Are you wondering why I’m even asking this question? Whether you are running a business or indulging in a hobby concerns the IRS if you are taking deductions for business expenses or taking a loss on your income taxes. Many unemployed people or underemployed people are trying to turn a hobby into a business. But some of them are trying to claim that a hobby is a business so they can take the tax deductions.
Hobbies usually cost you money for supplies. Maybe you travel to get more information about your hobby or to see how someone else does your hobby. According to the tax code, expenses for hobbies are not tax deductible to the extent that they exceed the income you earn from your hobby.
But, what if you were to classify your hobby as a business? Now, your expenses for supplies and travel are totally deductible. Now, if your business does not show a profit, you can take the loss as a business loss against your other income and lower your taxable income. Sounds great, right?
The IRS states that if your activities, no matter whether you call them a hobby or a business, must be engaged in with the intent to make a profit. It is understood that, especially in the first years of a business, it may lose money. And that is acceptable to the IRS. But, if your business has never shown a profit, the IRS will classify your business as a hobby and disqualify your deductions and business losses.
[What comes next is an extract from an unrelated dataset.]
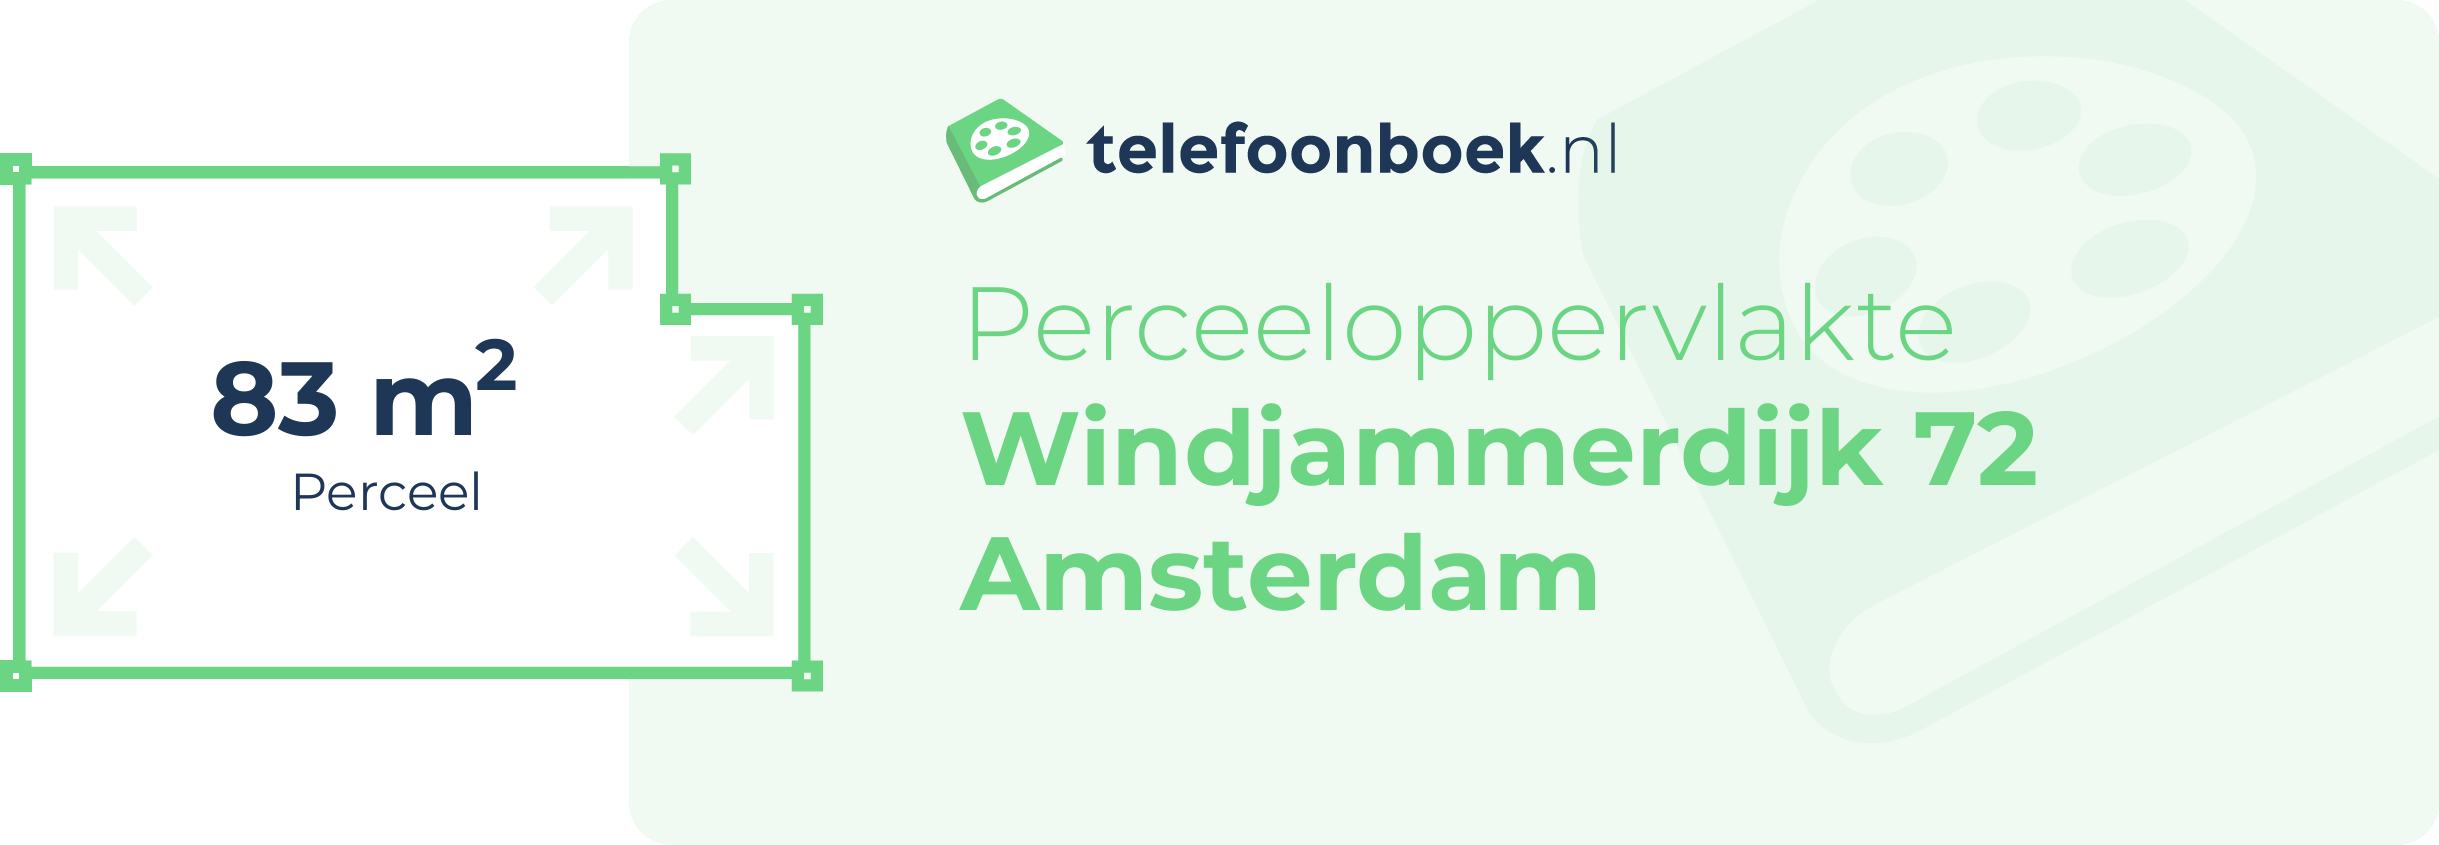 Perceeloppervlakte Windjammerdijk 72 Amsterdam

If the IRS suspects that you are classifying your hobby as a business, it will look at your past five (5) years of tax returns. If you haven’t made a profit in three (3) out of the past five (5) years, it will likely re-classify your business as a hobby. If you don’t meet this test, or you haven’t been in business for five (5) years, the IRS has a second test. It looks at whether you appear to be running a real business.
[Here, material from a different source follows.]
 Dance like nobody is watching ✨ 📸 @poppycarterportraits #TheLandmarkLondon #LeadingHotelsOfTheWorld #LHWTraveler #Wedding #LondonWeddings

How do you show the IRS that you are running a real business that maybe isn’t doing well? Are you keeping records of income and expenses in a systematic way (the way that businesses usually keep their records)? Do you have a separate bank account for your business? Do you market your business? Do you have all of the necessary business licenses and permits? Are you spending most of your free time on this business or do you spend time on it when you feel like it? If you are in business for a few years, are your losses getting smaller? Do you look as if you are moving towards profitability? If your business is still showing a loss, have you changed anything about how you run your business to show you are trying to make a profit?
The IRS has seen many “businesses” that are actually hobbies. They know what real businesses look like and what hobbies look like. If you are really running a business, you should look like a business. If you think you will be able to fool the IRS, think again. And don’t forget that if your hobby makes you money, you have additional income that is reportable on your income tax return and on which you must pay income tax.